Given the records below, the lines starting at the line with "Dyrlund mid century" and ending at the line with "All pieces of" should be output exactly, both end lines kept and pictures left out.

Start of Data for review

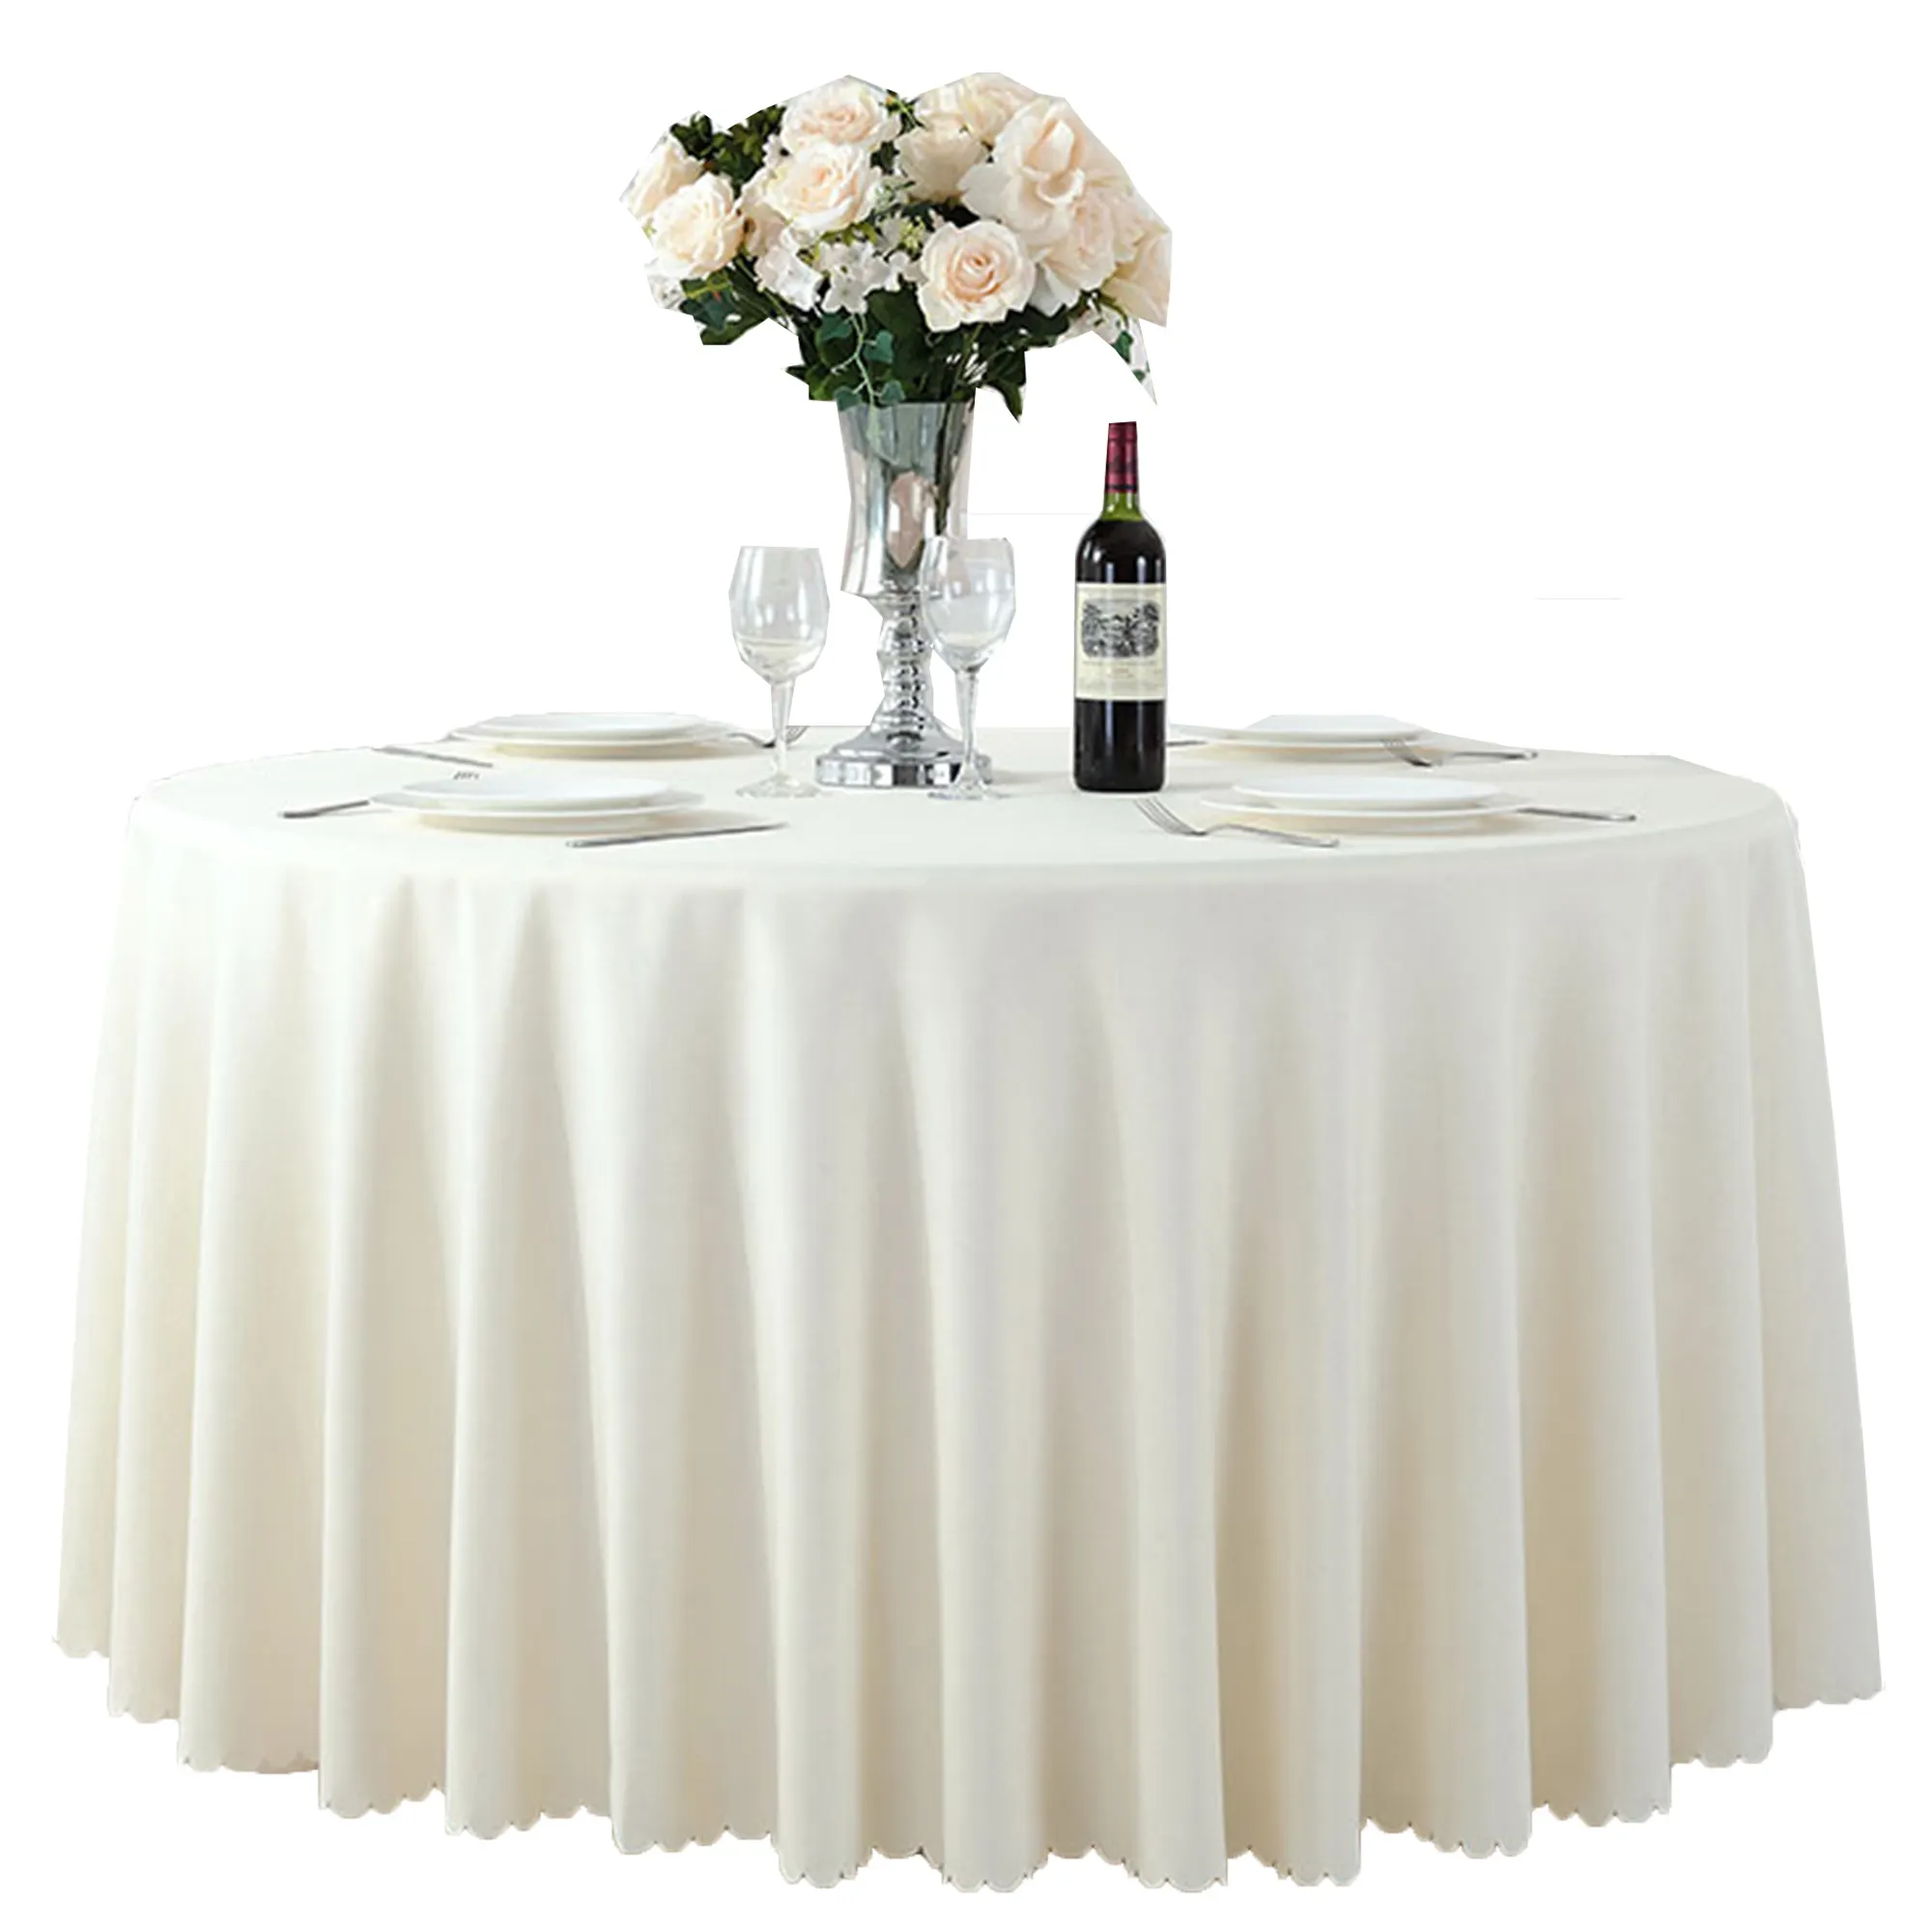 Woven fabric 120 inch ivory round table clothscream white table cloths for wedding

End of Data for review
Start of Data for review

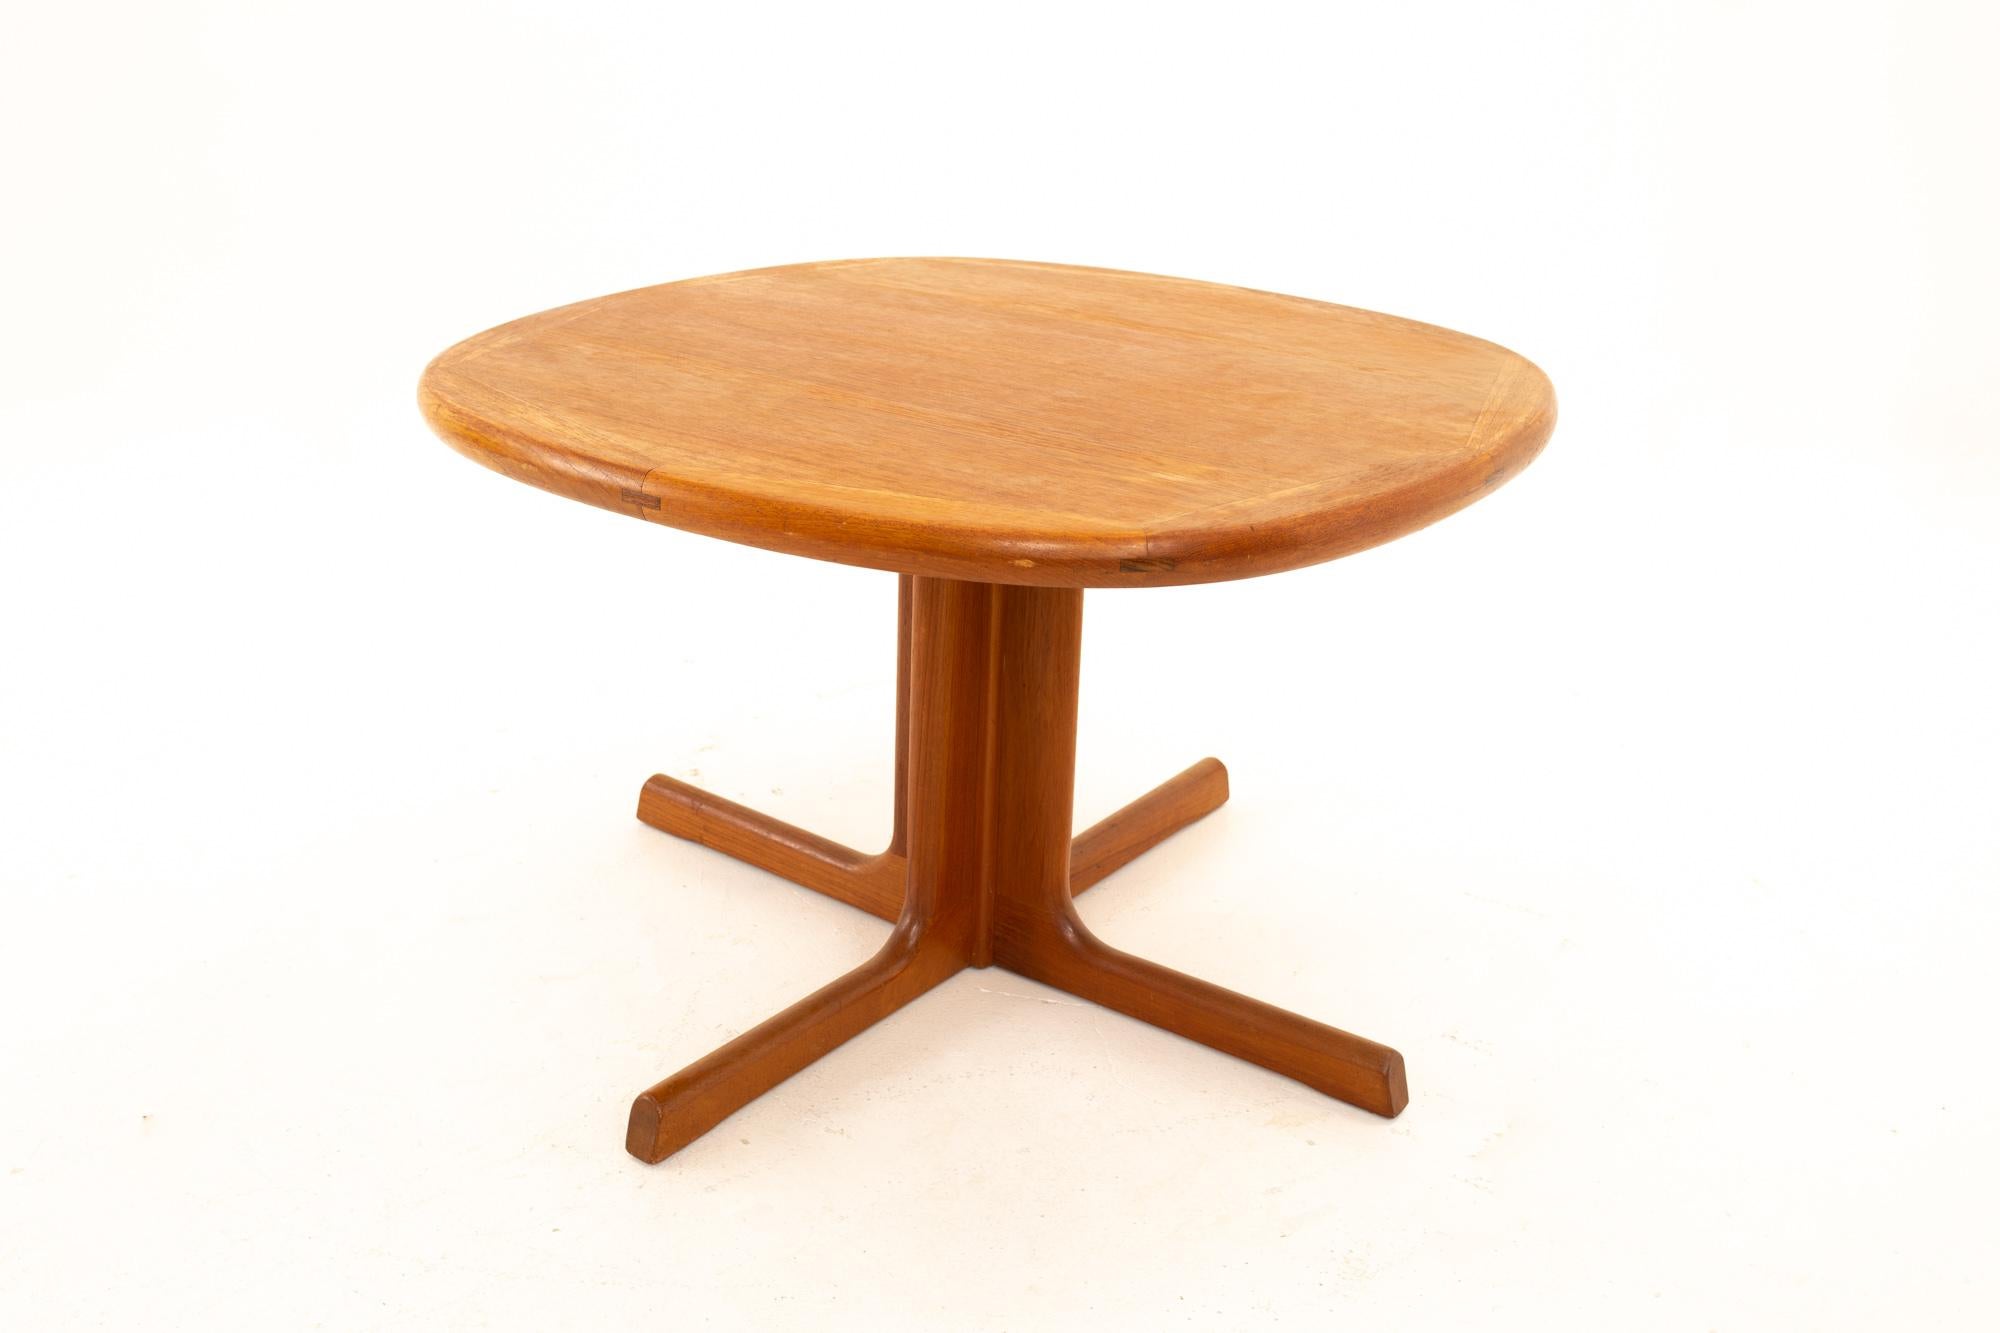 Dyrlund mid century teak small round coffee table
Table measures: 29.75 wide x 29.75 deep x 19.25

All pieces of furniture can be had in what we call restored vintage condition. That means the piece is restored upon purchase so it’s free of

End of Data for review

(Final answer)
 Dyrlund mid century teak small round coffee table
Table measures: 29.75 wide x 29.75 deep x 19.25

All pieces of furniture can be had in what we call restored vintage condition. That means the piece is restored upon purchase so it’s free of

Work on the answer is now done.